Hi, thanks for the suggestion.

We agree bugs are a very important part of software projects and deserve archiving, for the reasons you citing and more.

However, this would require considerable work that isn't part of the (current) mission of Software Heritage, and definitely isn't something an intern could do in a few months.

About git-bug: as it stores all the data in git, we automatically archive its data like any other git object, so projects just need to mirror their bug tracker in a git repository if they want it to be archived.

However, this would require considerable work

The code has been written. The only thing for SWH to do is run git bug bridge pull [<name>] after the git clone, and schedule that to run periodically. AFAICT, the work is merely installing git-bug and adding a line to a couple scripts. The config calls for login creds so creating an account at each forge may be needed (a task for interns).

The only large undertaking that I suggested was to create a bug tracker that accepts new bug reports from those who can't access the official one. That's a separate feature that can be decided independantly.

that isn't part of the (current) mission of Software Heritage,

Part of the mission states "Software is a precious part of our cultural heritage." There's a lot more culture in the bug reports than in the code.

we automatically archive its data like any other git object,

You are likely doing a git pull on a periodic basis.

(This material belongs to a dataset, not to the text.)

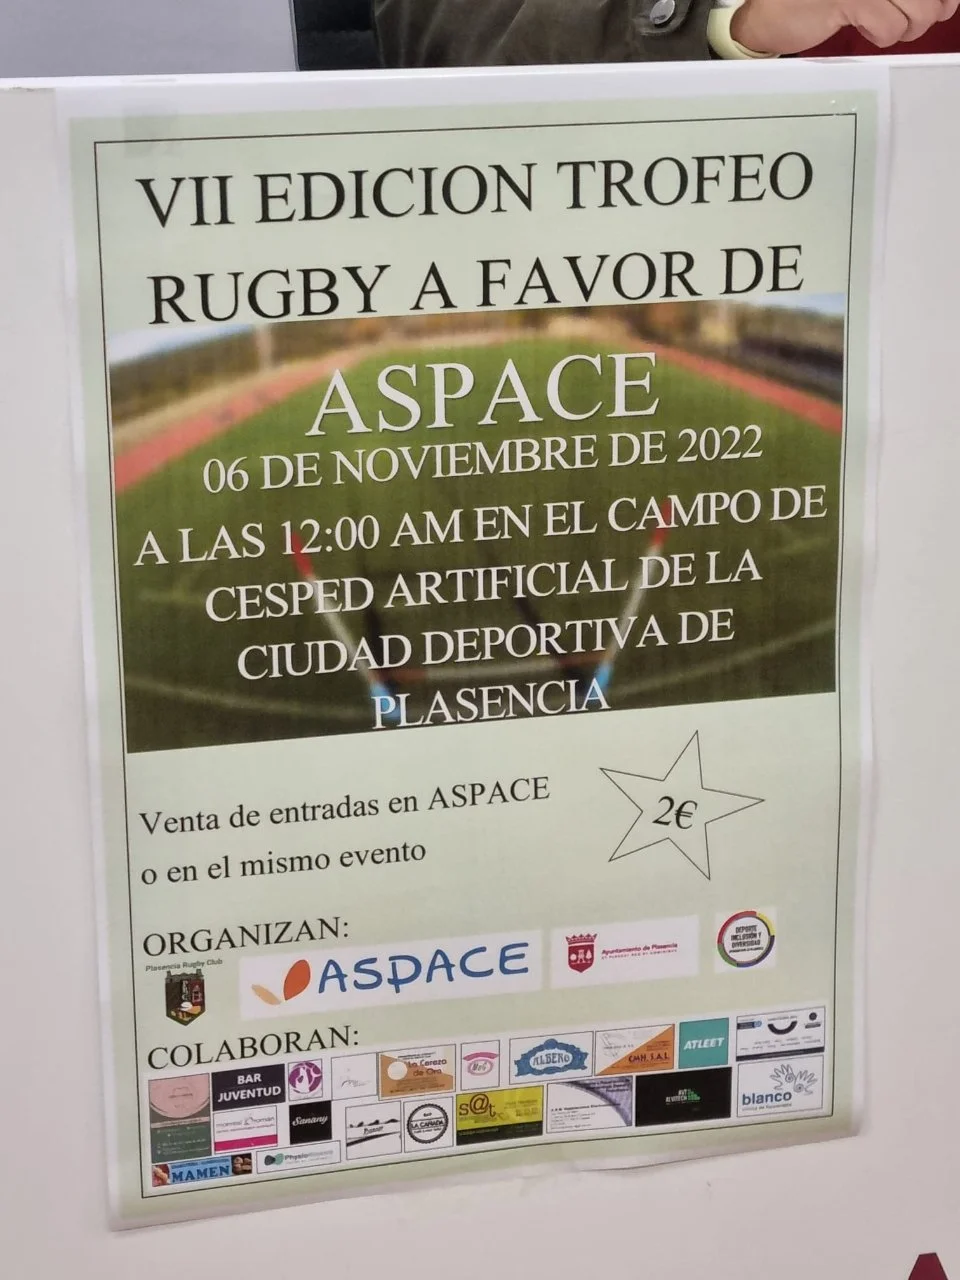 VII Trofeo de Rugby a favor de Aspace en Plasencia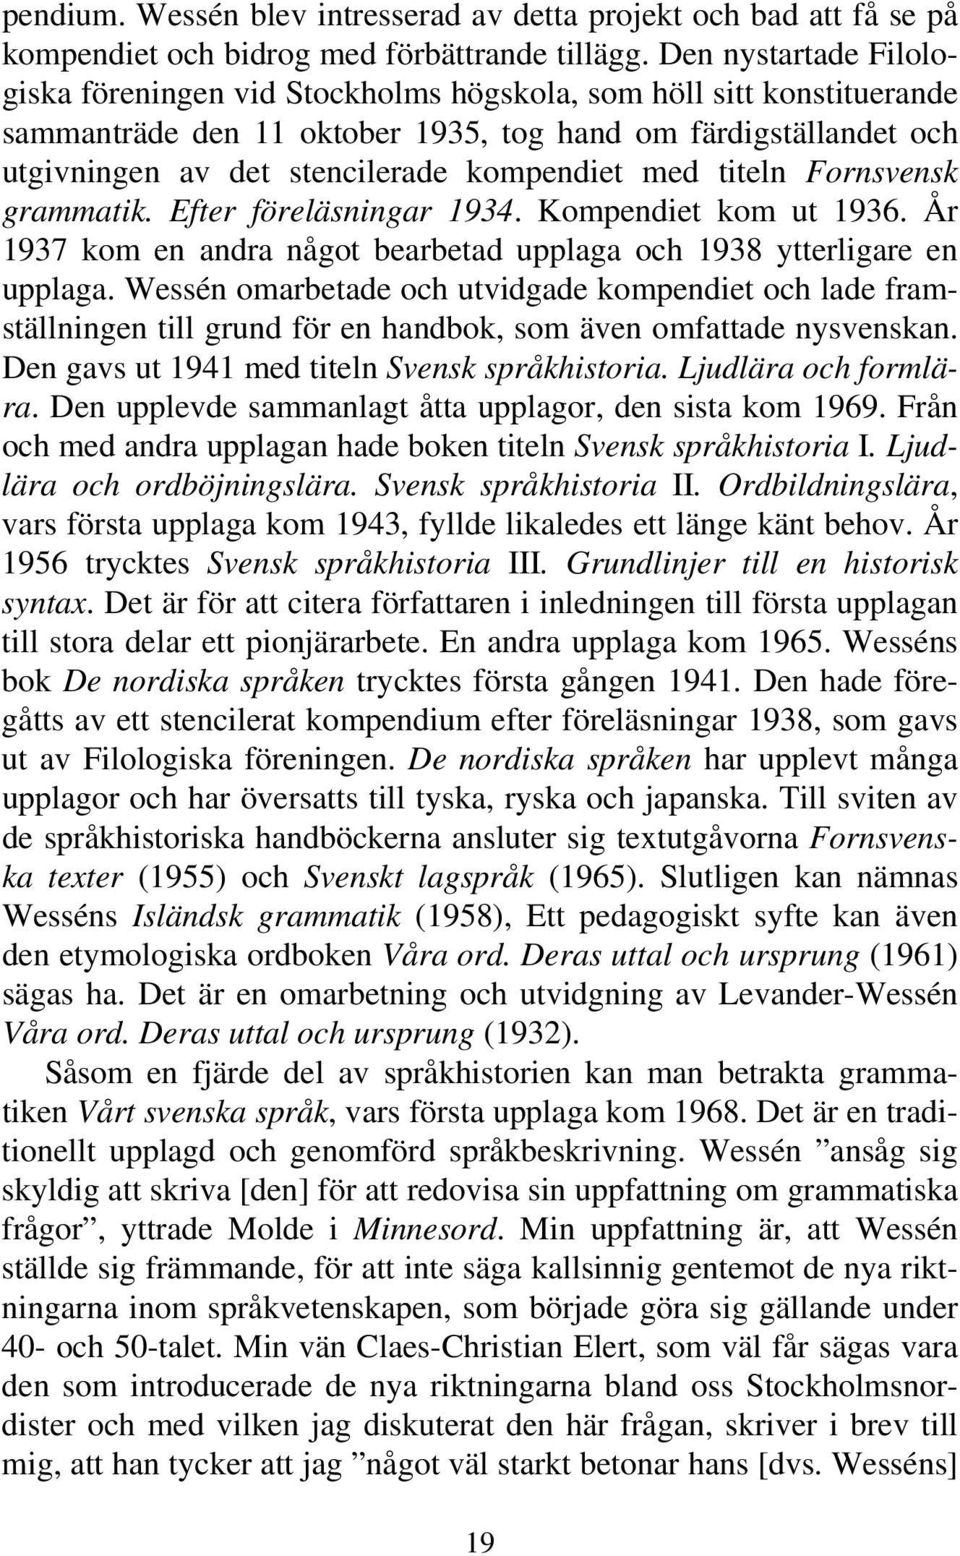 kompendiet med titeln Fornsvensk grammatik. Efter föreläsningar 1934. Kompendiet kom ut 1936. År 1937 kom en andra något bearbetad upplaga och 1938 ytterligare en upplaga.

Just add git bug bridge pull [<name>] next to it.

so projects just need to mirror their bug tracker in a git repository

Being unable to rely on source projects motivation to preserve their own work is why SWH exists. You certainly can't count on every project taking an action of any kind. This is a non-starter.

if they want it to be archived.

I don't believe SWH is serving the original project developers, who all generally have their own copy of their code. SWH serves everyone else, who would like the bug reports preserved regardless of the intent and motivation of the project originators.

You are likely doing a git pull on a periodic basis. Just add git bug bridge pull [<name>] next to it.

The devil is in the details.

First, we don't have local clones of the repositories. We also use Dulwich instead of the main Git implementation for this reason.

Second, our Git loader is incremental: it finds which commits are already loaded in the main storage, and asks the server only for new commits since those commits. It's unclear if this could work with git bug bridge pull.

It's also unclear if git bug bridge pull is even deterministic and has a stable over releases.

Then, even assuming we did have a local clone, the name part in git bug bridge pull [<name>] is also harder than it looks, because our git loader is only aware of Git URLs, it's not aware of the concept of forges. So we would have to change our task model to support it.

Finally, git bug creates its own branches in a repository, which means we are no longer archiving repositories verbatim; we are introducing our own changes to them.

so projects just need to mirror their bug tracker in a git repository

Being unable to rely on source projects motivation to preserve their own work is why SWH exists. You certainly can't count on every project taking an action of any kind. This is a non-starter.

if they want it to be archived.

I don't believe SWH is serving the original project developers, who all generally have their own copy of their code. SWH serves everyone else, who would like the bug reports preserved regardless of the intent and motivation of the project originators.

True, of course. I was merely proposing a workaround.

Another one would be for other project to host git-bug mirrors of all repositories, and we would archive it automatically.